One of Trump’s most valuable assets is a 30 percent stake in two office towers -- one in New York, the other in San Francisco -- appraised at $590 million in July. Trump’s name isn’t on either one. A Bloomberg investigation in June found that office space at Trump’s 40 Wall St., valued at $540 million, was occupied by fraudsters, thieves, boiler rooms and penny-stock schemers.
At his namesake Trump Tower in New York, the most valuable component is the near-priceless retail spaces at its base, where Gucci keeps its flagship store. Were it to end its ten-year-old lease, vacating nearly 49,000 square feet near Bergdorf Goodman and Burberry, the Trump Organization could fill the space at rates from five-to-10 times the current rent.
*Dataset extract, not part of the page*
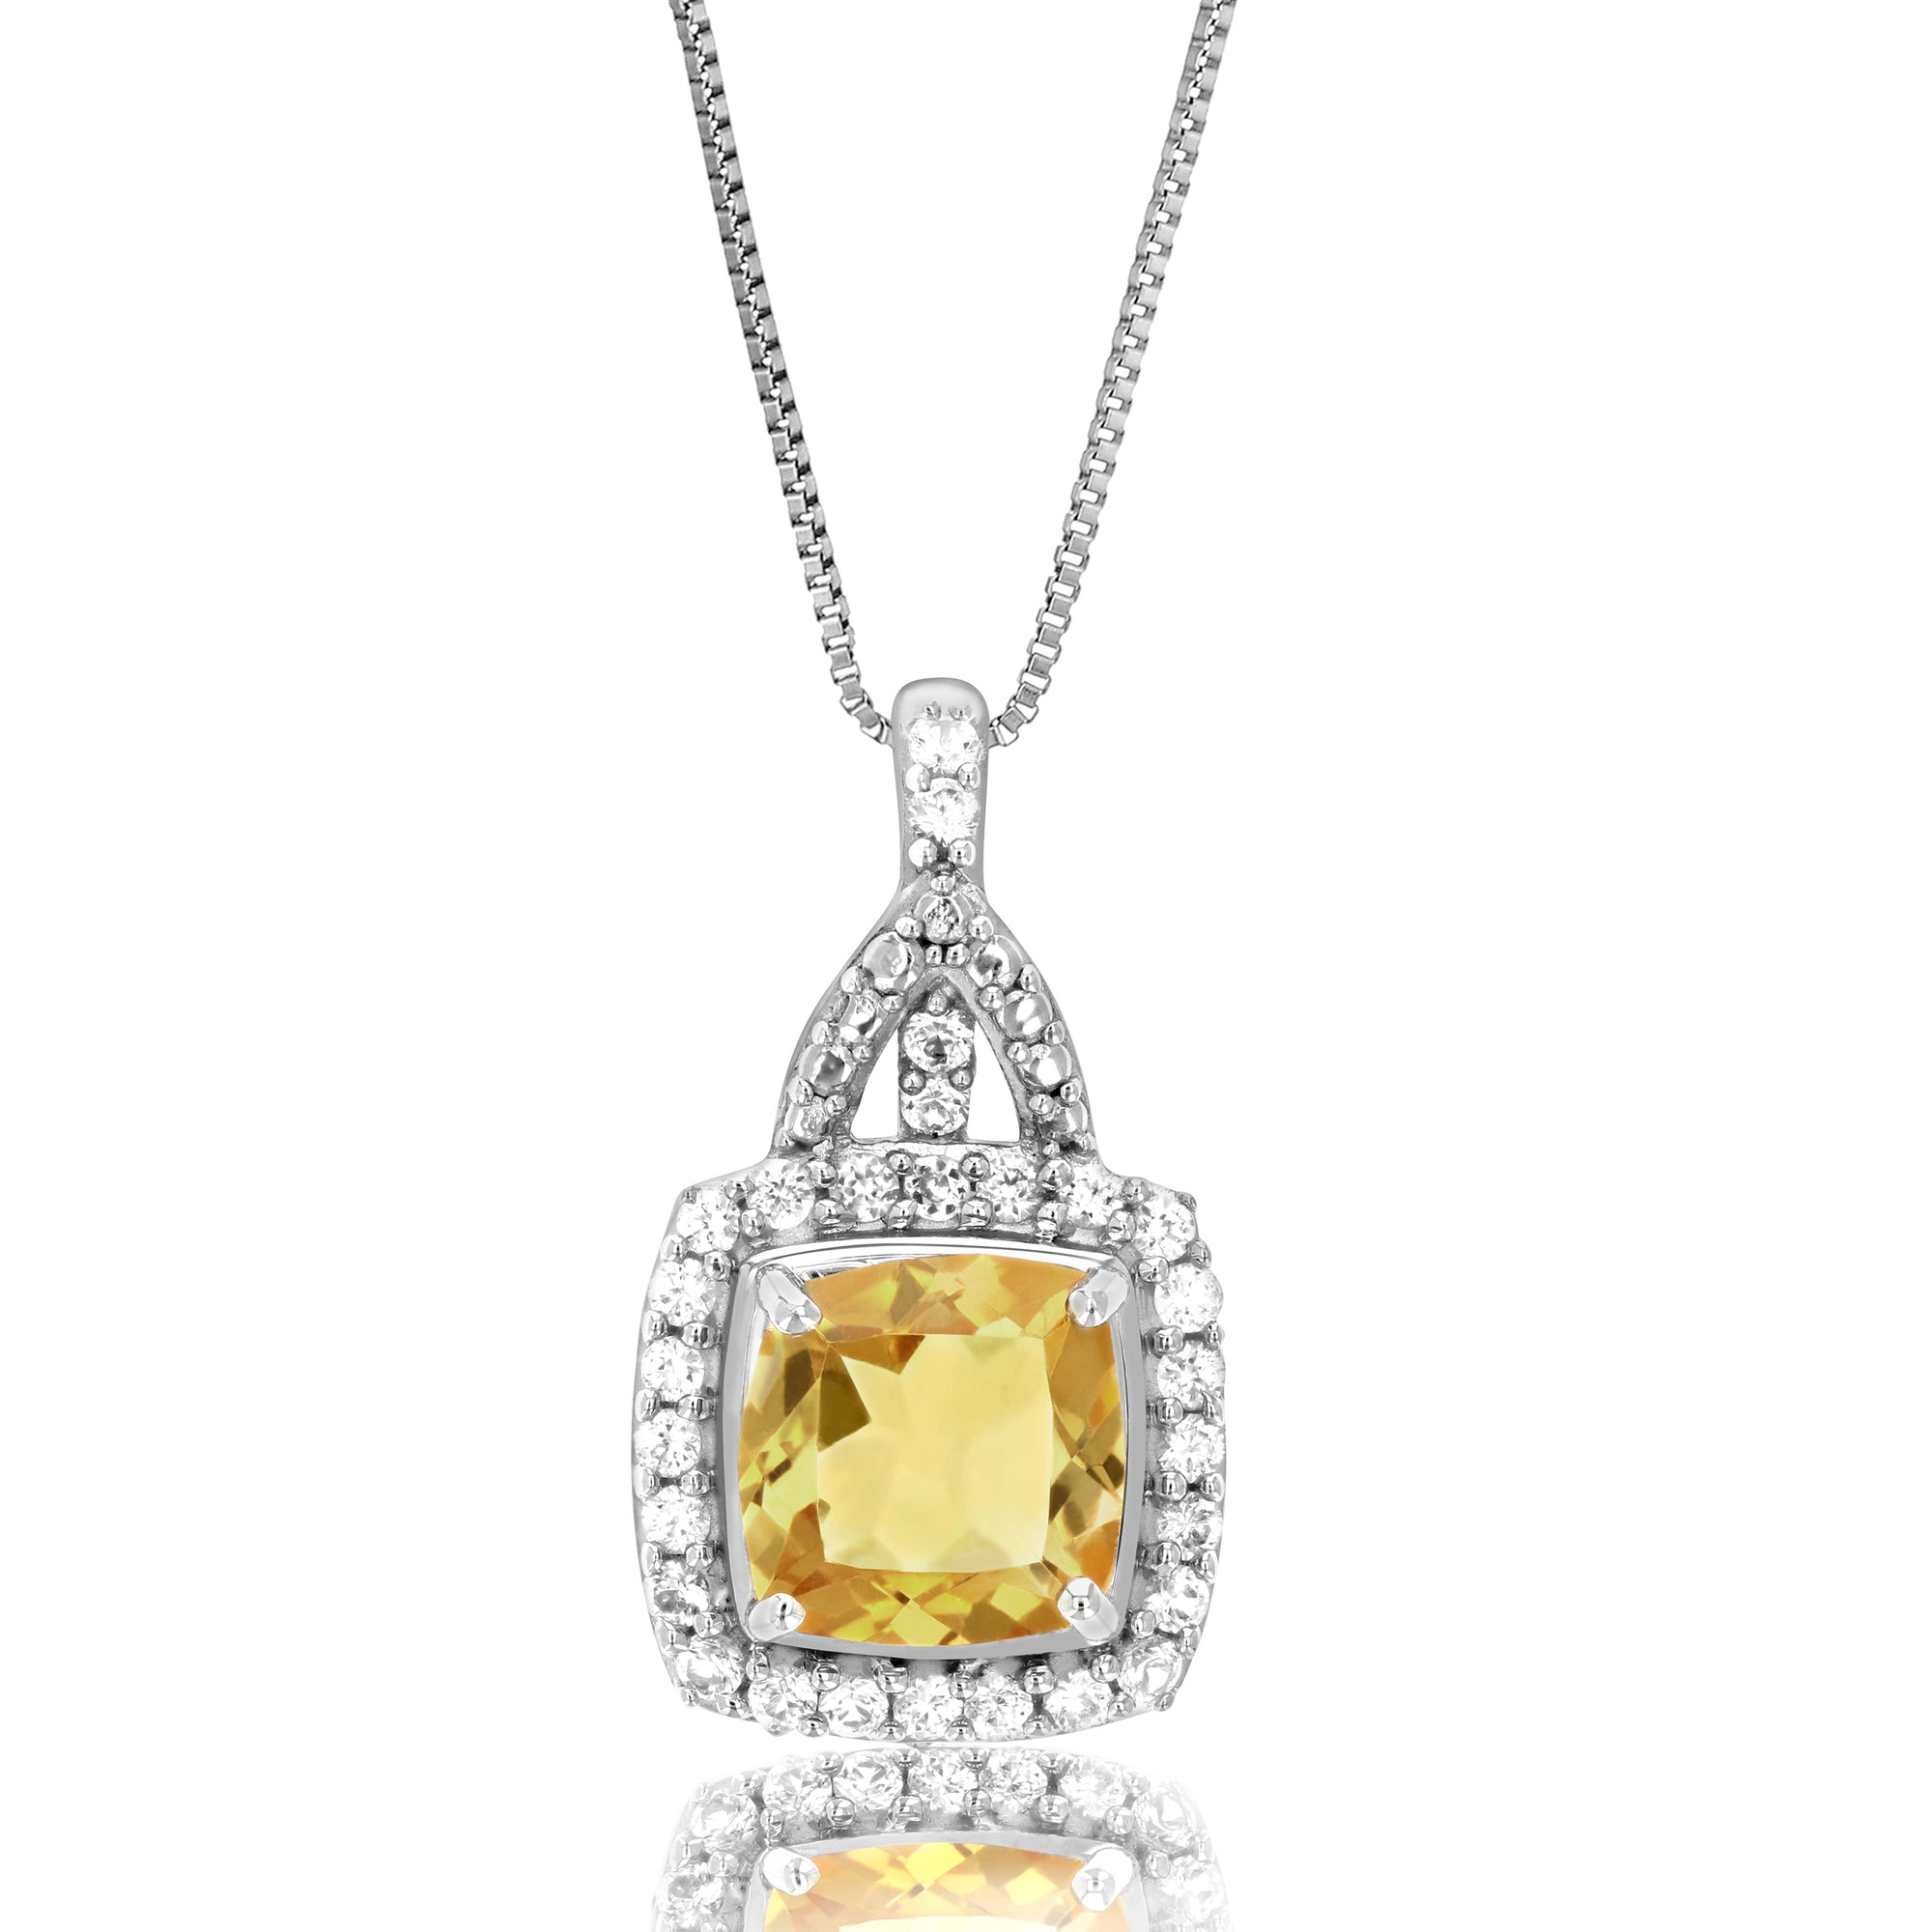 1.50 cttw Cushion Cut Citrine Pendant .925 Sterling Silver with 18 inch Chain
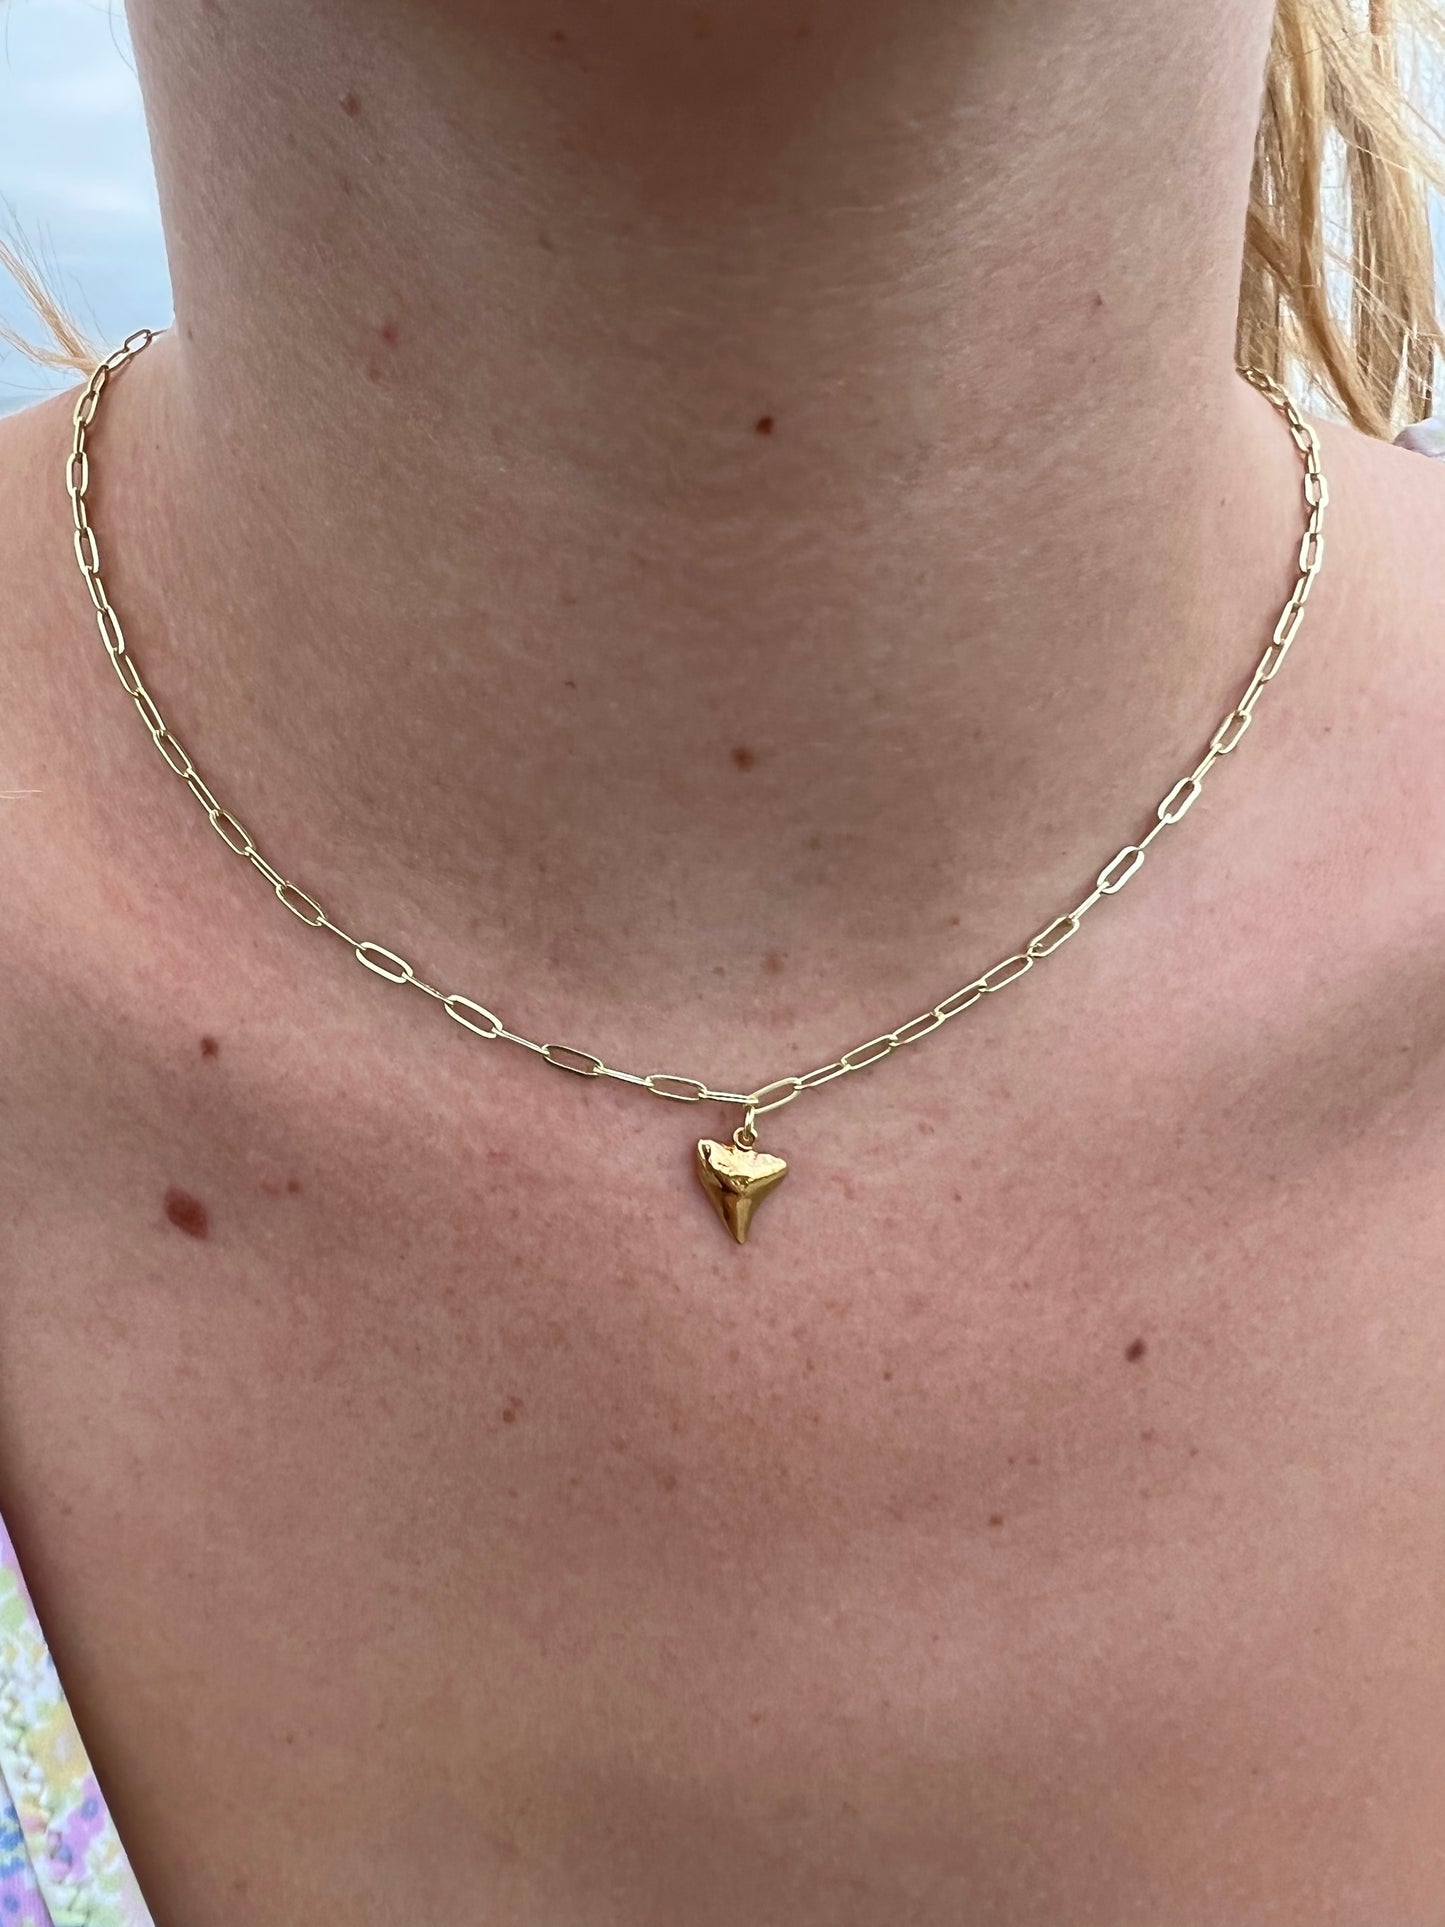 The Tiger Shark Tooth 18k Gold Plated Chain

So too around the corner, where he owns the rights to lease 6 East 57th St., a 90,000-square-foot store that has been rented to Nike for two decades.
“I’ve done deals at those properties and can tell you that the only thing the luxury retailers there are thinking about is the retail traffic, who works in the building and on the street, and all of that is very positive,” says Faith Hope Consolo, retail brokerage chairman at Douglas Elliman Real Estate.
And apartments in Trump-branded Manhattan buildings have outperformed the market since June 2015, according to data compiled by real estate firm StreetEasy. As some buyers have been priced out of the high end of New York’s luxury market, they’ve turned to “luxury-adjacent” buildings such as Trump’s, which are mostly older and less expensive with fewer amenities, says Krishna Rao, economist at StreetEasy.